GSR 79 (E) dated 14.02.2005- Central Govt notified certain changes in Rule 153, 153-A, 156 and 156-A of the Drugs and Cosmetics Rules, 1945

GSR 51 (E) dated 02.02.2005-Central Govt notified certain changes 1945 in the Schedule O, for Part I namely:-"Provisions applicable to black fluids and white fluids-The standards for disinfectants shall conform to the Indian Standards specification (IS 1061 : 1997) laid down from time to time by Bureau of Indian Standards."

GSR 32 (E) dated 20.1.2005:-Central Govt substituted existing Schedule Y to the Drugs and Cosmetics Rules, 1945. This Schedule mainly deals with clinical Trials in India.

GSR 648 (E) dated 16^th September, 2002-Certain additional Chemical contraceptives and First Aid Kits supplied with motor vehicle exempted under Schedule K.

GSR 73(E) dated 31^st January, 2003-Concept of approved public testing Laboratories introduced for testing of drugs from Indian System of Medicine.

GSR 76 (E) dated 3^rd February, 2003-qualifications for the State Drug Licensing  and Controlling Authority for Indian System of Medicine prescribed under Rules 162-A.  

GSR 549 (E) dated 16th July, 2003-in Schedule K after Serial Number 32, entry number 33 is added vide which Nicotine gum containing upto 2 mg of nicotine are exempted from Provisions of Chapter IV of the Act.

Indian Extradition Act 1962 (34 of 1962)-

Applicability of the Provisions of Extradition Act 1962 Except Chapter III, to Italy-
Order No.
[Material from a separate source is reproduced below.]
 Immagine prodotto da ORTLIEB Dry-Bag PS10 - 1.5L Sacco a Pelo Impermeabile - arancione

GSR707(E) Dated 04.09.2003 : In the exercise of the power conferred by sub-section 4 of section 3 of the Indian Extradition Act 1962 (34 of 1962), the Central Government has directed that the provision of the said Act, other than Chapter III, shall apply to Italy with effect from the date of publication of this notification, in respect of the offences specified in the United Nations Convention against Illicit Traffic in Narcotic Drugs and Psychotropic Substance.
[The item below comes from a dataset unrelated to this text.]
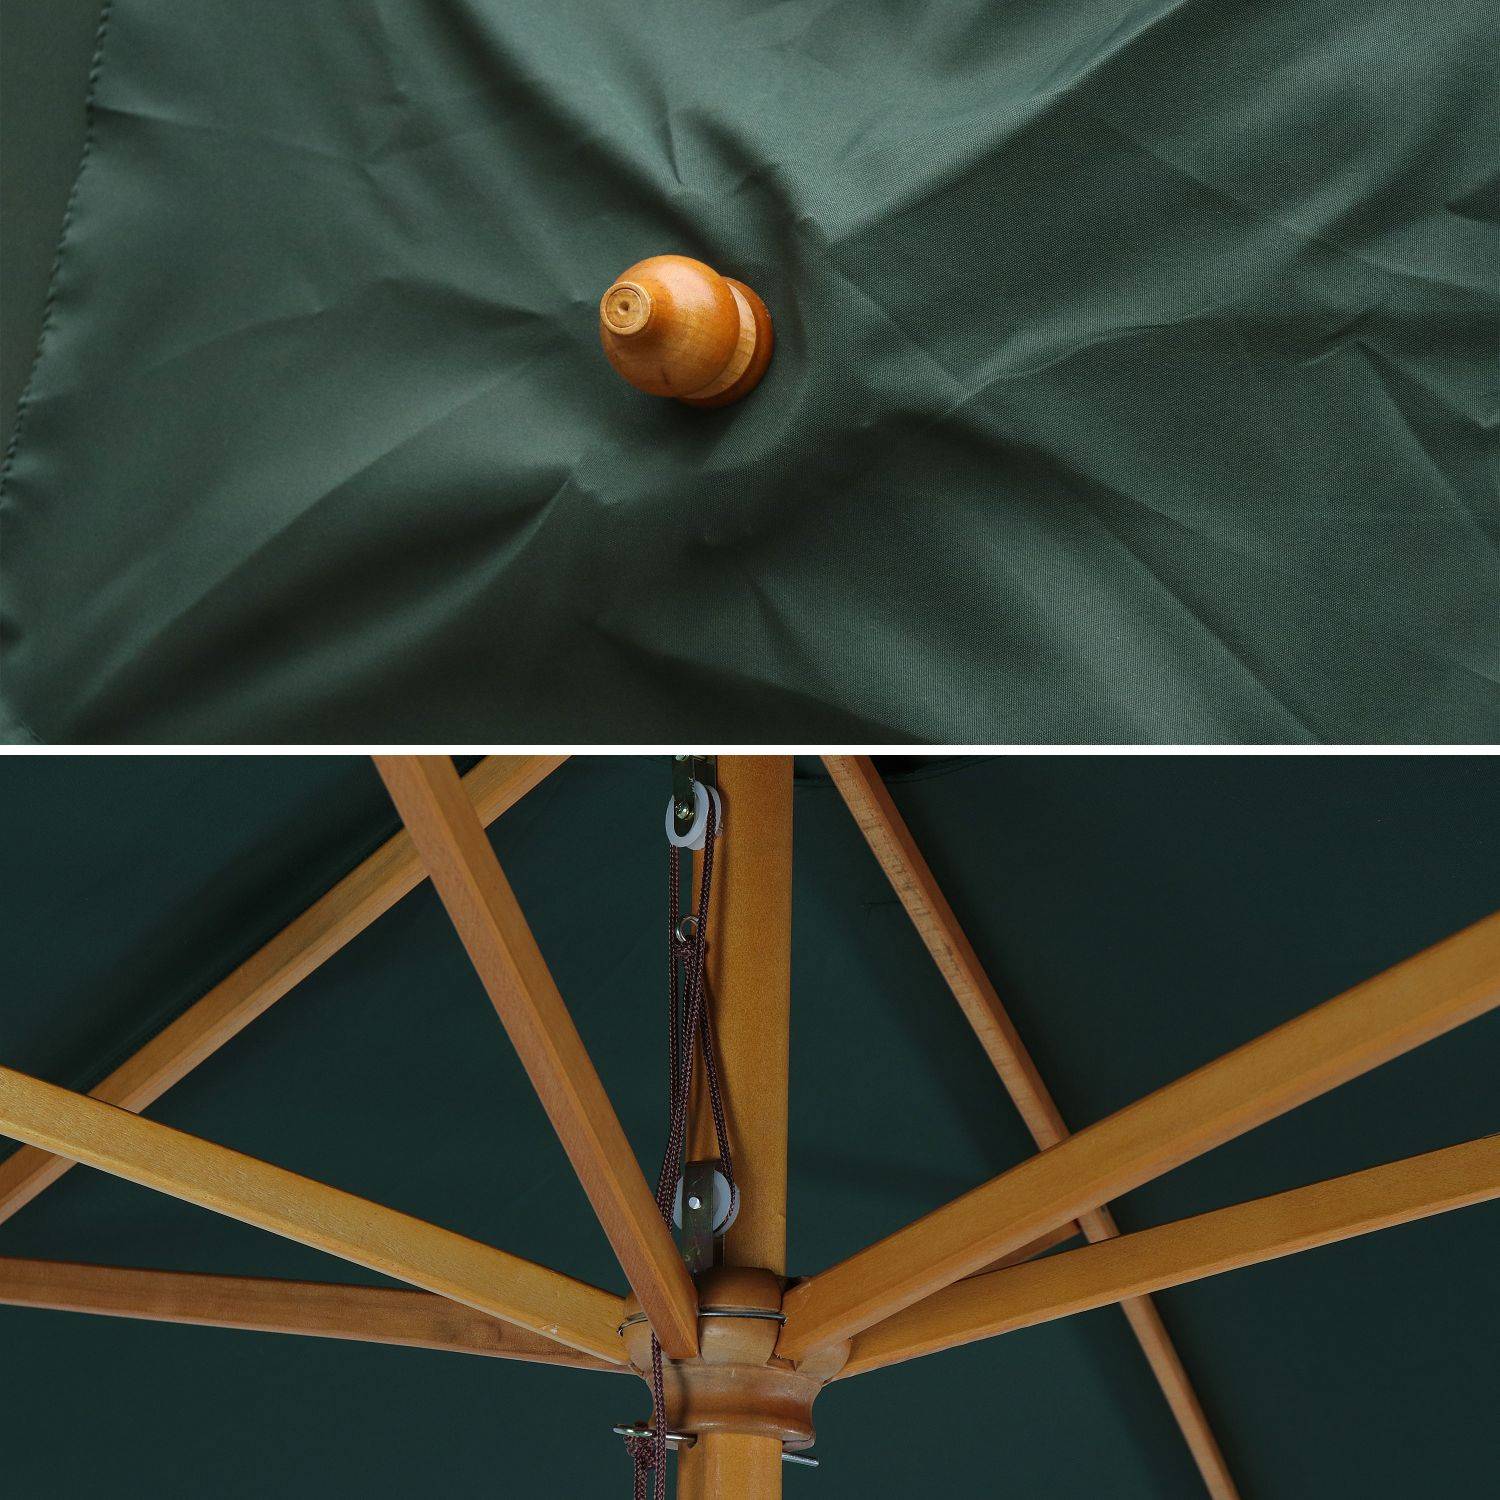 Ombrellone dritto, forma: rotonda, in legno, 3m - modello: Cabourg, colore: Verde bottiglia - palo centrale in legno, Ø300cm, sistema di apertura manuale, puleggia Photo5

Exemption From Registration Procedure For Import Of All Types Of Approved And Unapproved Drugs Under The Advance Licencing Scheme
Trade Notice No. 05 / 2002-2007 Dated 08.10.2003: With a view to smoothly implement the provisions of the Policy Circulars No.9(RE-2003)/2002-07 dated 30.6.2003 and Policy circular No.15(RE-2003)/2002-2007, the members of trade and Industry have been informed of the procedure to be followed while making applications for grant of a fresh Advance Licence involving import of all drugs or while applying for grant of revalidation/extension in Export Obligation period/seeking enhancement in quantities in respect of an already issued Advance Licence.

Biological Diversity Rules, 2004
Notification No. GSR261(E) Dated 15.04.2004 : The Central government has framed the Biological Diversity Rules, 2004 to set out a provisions for appointment of chairperson for National Biodiversity Authority. Moreover the said rules provides the provisions for Pay & allowances to the chairperson. The rules describes that the said authority shall meet at least four times in a year normally after a period of three months at the Head quarters of the Authority or at such place as may be decided by the Chairperson.

Special Economic Zone Rules, 2003, and Special Economic Zone (Customs Procedure) Regulations, 2003-

Operationalisation of the Provision of Chapter X A of the Customs Act, 1962
Circular No. 33/2004 Dated 12.05.2004 : Chapter XA of the Customs Act, 1962, containing the Special Provisions Relating To Special Economic Zone, has been made effective from 11-05-2004. The impact of the same has been made on Special Economic Zone Rules, 2003, and Special Economic Zone (Customs Procedure) Regulations, 2003. The said rules & regulations were notified earlier on 22.07.2003 but these have also been made effective from the 11.05.2004.